Утром была у нотариуса и в банке; вернувшись, укладывала свои и мужнины вещи. Закупила вегетарианской провизии, хлеба и пр. Вечером пришел С.И., и были очень интересные и даже оживленные разговоры между ним и Л.Н. Тоже участвовал Трубецкой. Говорили об искусстве, о делах консерватории, о краткости жизни и уменье так распоряжаться временем, чтоб каждая минута была употреблена значительно: для пользы, для дела, людей, – прибавляю от себя, – и для счастья.
Мне так радостно было видеть, что Л.Н. перестал враждебно относиться к этому прекрасному человеку. Теперь он занят печатанием разных дел, касающихся любимой им консерватории, нападает на неправильное отношение к делам консерватории директора ее, Сафонова, и, не ссорясь ни с кем и не боясь никого, служит только делу с своей честной и необычайно справедливой точки зрения.

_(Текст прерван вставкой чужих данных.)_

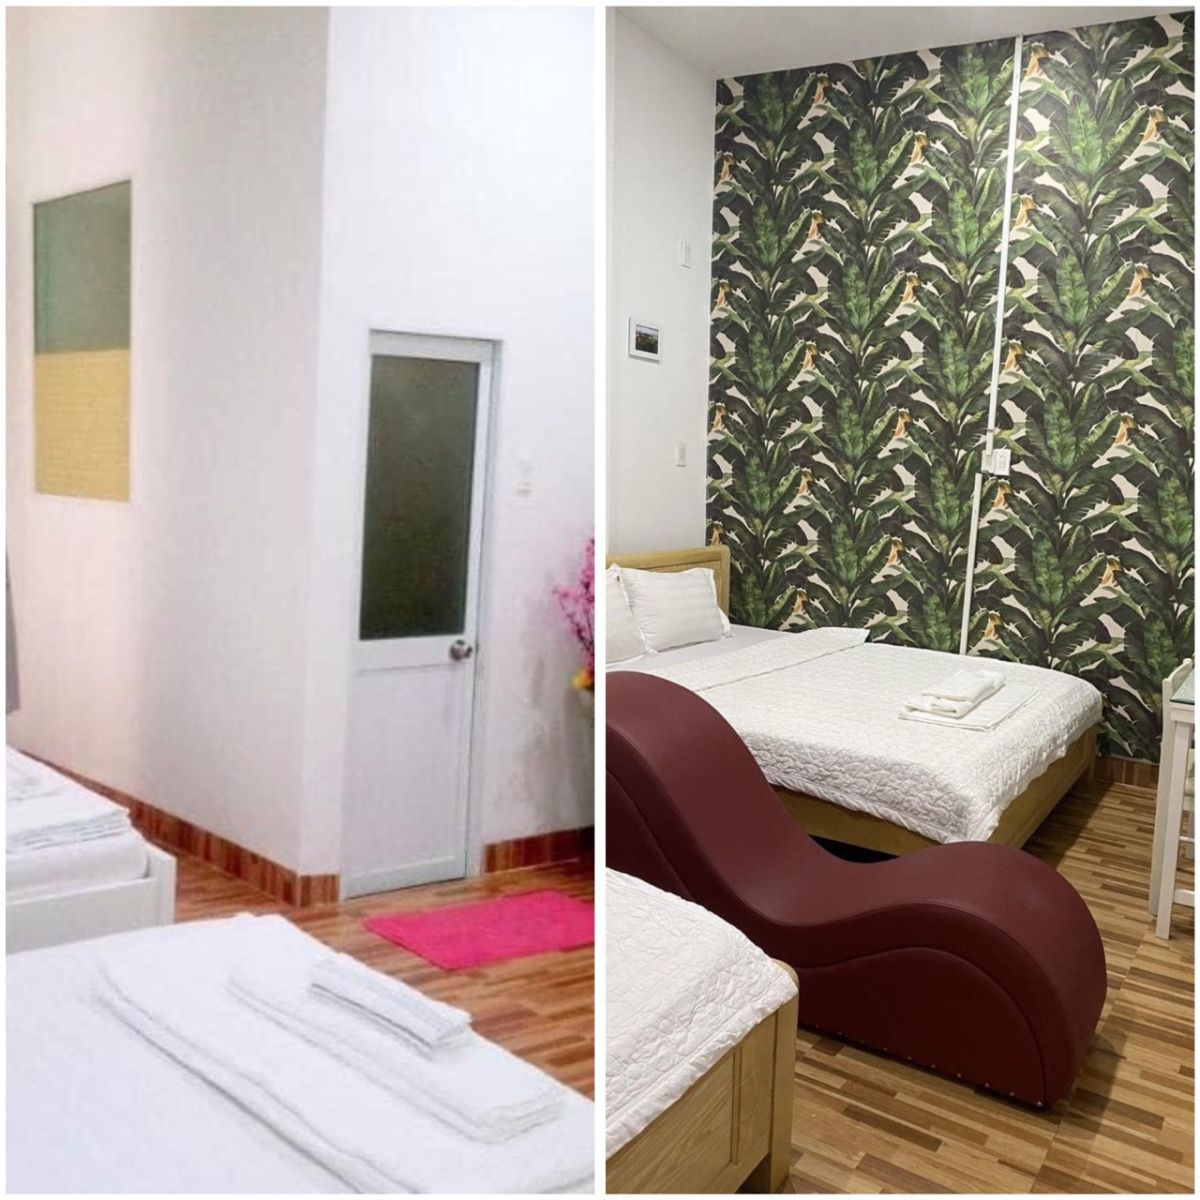 Cần bán khách sạn mini 10 phòng tại đường Đống Đa, p.Thị Nại, TP.Quy Nhơn, Bình Định - Ảnh 3

Потом пришел В. Маклаков, и мы с ним философствовали о счастье. Вчера с Соней Мамоновой и сегодня с Маклаковым пришли к одному и тому же: счастье случайно и его мало; надо брать его, когда оно есть, благодарить судьбу за те малые мгновения этого счастья, не искать вернуть его, не скорбеть о нем, жить дальше, вперед, и даже в той будничной жизни с ее невзгодами находить удовлетворение, которое вполне возможно, если совесть спокойна, если живешь для дела, для людей, не делаешь ничего стыдного или безнравственного, не принужден раскаиваться.
Еще есть счастье – это самосовершенствование, это движение к религиозному и нравственному идеалу. Но я не люблю заглядывать в себя, я люблю людей и не люблю себя, и потому мне это тяжело.
Был П.И. Бартенев, принес мне книгу, письма моего прадеда, графа Завадовского, которого он мне очень хвалит. Интересный этот ходячий архив – Петр Иваныч Бартенев. Всех на свете знает, знает все родословные, все придворные интриги всех русских царствований, все гербы, родство, именья и т. п.
23-го Трубецкой кончил бюст Льва Николаевича. Он очень хорош. Вечером мы выехали с Л.Н. в Гриневку. Нас провожали: Дунаев, Маслов, моя Саша и Соня Колокольцова. Ехали мы в купе I класса; очень было тесно везде. Дорогой вечером разогревала Л.Н. овсянку, которую взяла с собой совсем сваренную. Он захотел сам возиться, схватил горячую крышку кастрюли и обжег три пальца. Я предложила воды, чтоб облегчить боль, он упрямо отказал. Тогда я молча все-таки принесла кружечку воды, и когда он опустил в нее пальцы, ему сразу стало легче. Все-таки ночь от этого спал плохо.